SUPREME COURT OF THE STATE OF NEW YORK APPELLATE DIVISION SECOND JUDICIAL DEPARTMENT
October 20, 2009
LIGHTHOUSE 925 HEMPSTEAD, LLC, APPELLANT,
CITIBANK, N.A., ET AL., RESPONDENTS.
In an action, inter alia, to recover damages for trespass and nuisance, the plaintiff appeals from an order of the Supreme Court, Nassau County (Brandveen, J.), entered June 23, 2008, which granted the defendants' motion for summary judgment dismissing the complaint on the ground that it was barred by the principles of res judicata.
Published by New York State Law Reporting Bureau pursuant to Judiciary Law § 431.
This opinion is uncorrected and subject to revision before publication in the Official Reports.
MARK C. DILLON, J.P., THOMAS A. DICKERSON, PLUMMER E. LOTT and LEONARD B. AUSTIN, JJ.
(Index No. 16234/07)
DECISION & ORDER
ORDERED that the order is affirmed, with costs.
The defendant Citibank, N.A. (hereinafter Citibank), leased premises at 925 Hempstead Turnpike, Franklin Square, in Nassau County, from nonparty American Real Estate Holdings Limited Partnership. The defendant Citigroup, Inc. (hereinafter Citigroup), is the parent corporation of Citibank. The lease expired on August 31, 2004, and Citibank surrendered the premises. American Real Estate thereafter conveyed the premises to the plaintiff, Lighthouse 925 Hempstead, LLC (hereinafter Lighthouse). Lighthouse has since conveyed it to another entity.
On February 17, 2005, Lighthouse commenced an action against Citibank and Citigroup, alleging, among other things, that they had breached the lease by failing to remove a drive-thru ATM before surrendering the premises. The Supreme Court, New York County, granted the defendants' motion to dismiss that complaint on the merits in an order dated November 9, 2005.

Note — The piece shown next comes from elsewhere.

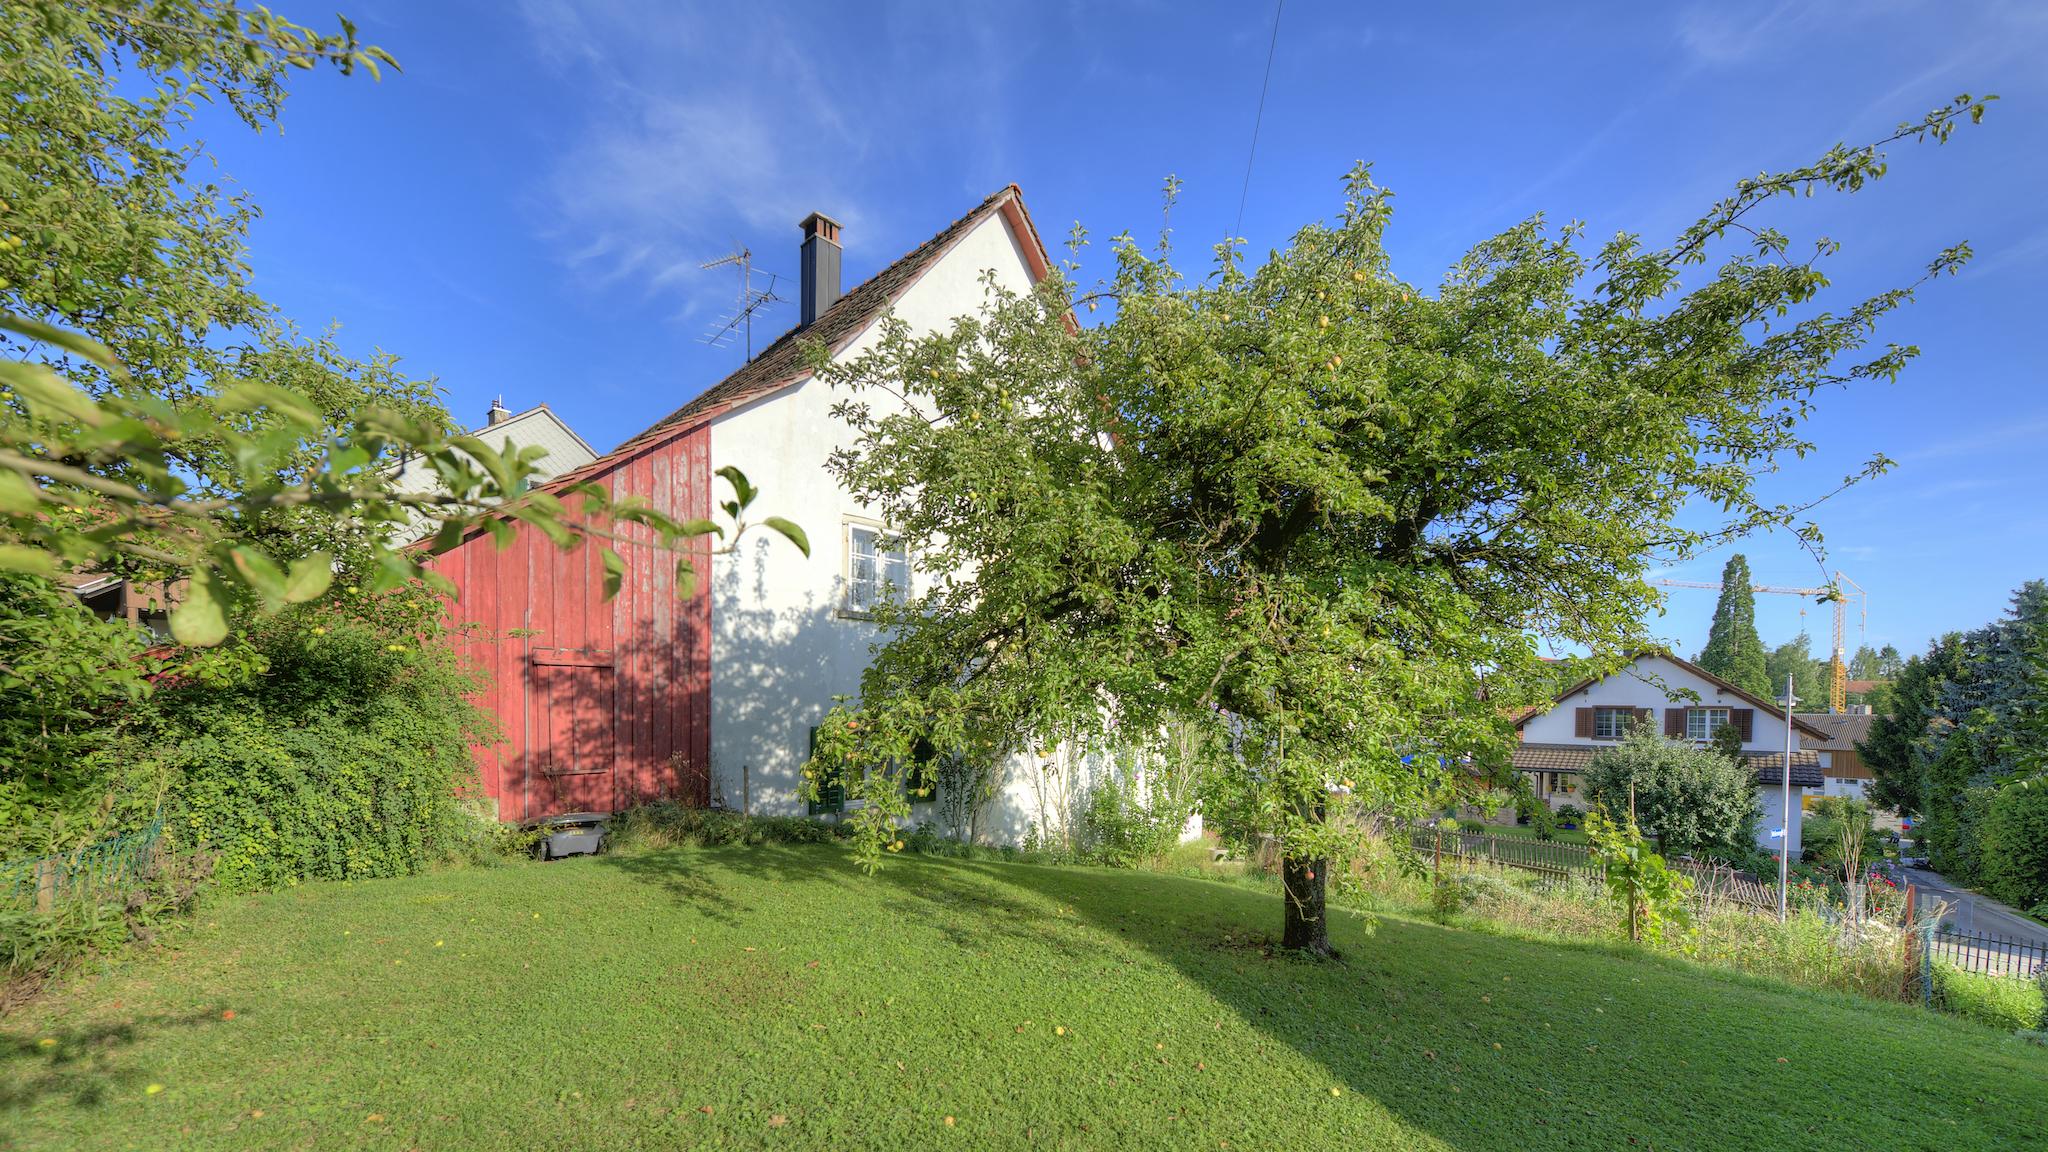 Die Obstbäume neben dem Haus

Lighthouse commenced this action against Citibank and Citigroup on September 12, 2007, alleging, among other things, that the presence of the drive-thru ATM on the premises constituted a continuing trespass. The defendants moved for summary judgment dismissing the complaint on the ground that it was barred by the principles of res judicata. In an order entered June 23, 2008, the Supreme Court, Nassau County, granted the defendants' motion. Lighthouse appeals.

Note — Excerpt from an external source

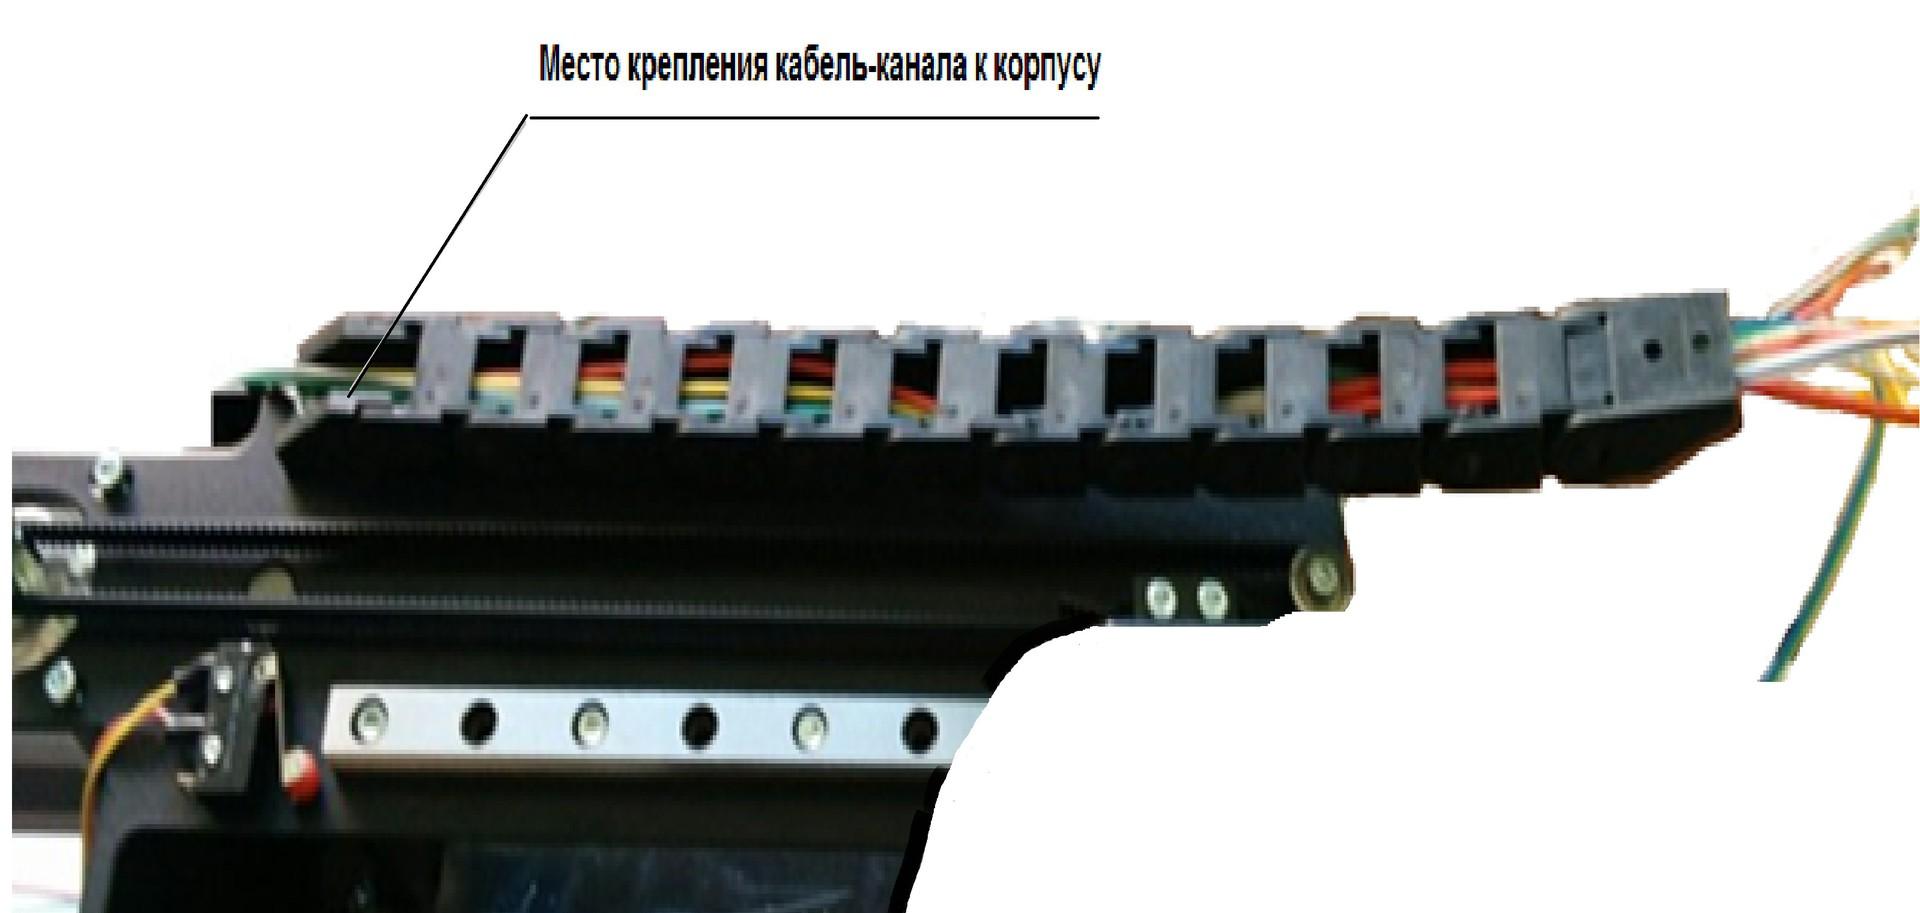 Инструкция по сборке 3D принтера Prism Uni(часть 2-электрика) - 13

"Res judicata serves to bar future litigation between the same parties or those in privity with the parties of a cause of action arising out of the same transaction or series of transactions as a cause of action that was raised in a prior proceeding" (Winkler v Weiss, 294 AD2d 428, 429; see Matter of ADC Contr. & Constr., Inc. v Town of Southampton, 50 AD3d 1025, 1026). The fact that causes of action may be stated separately or invoke different legal theories will not permit relitigation of claims (see Matter of Hodes v Axelrod, 70 NY2d 364, 372; see also Matter of ADC Contr. & Constr., Inc. v Town of Southampton, 50 AD3d at 1025).
Here, both this action and the prior action arise from the same transaction, namely the defendants' alleged failure to remove a drive-thru ATM. The fact that Lighthouse now invokes the legal theory of trespass instead of breach of contract, which it argued in the prior action, will not permit it to relitigate the claim. Therefore, the Supreme Court properly granted the defendants' motion for summary judgment dismissing the complaint on the ground that it was barred by res judicata.
DILLON, J.P., DICKERSON, LOTT and AUSTIN, JJ., concur.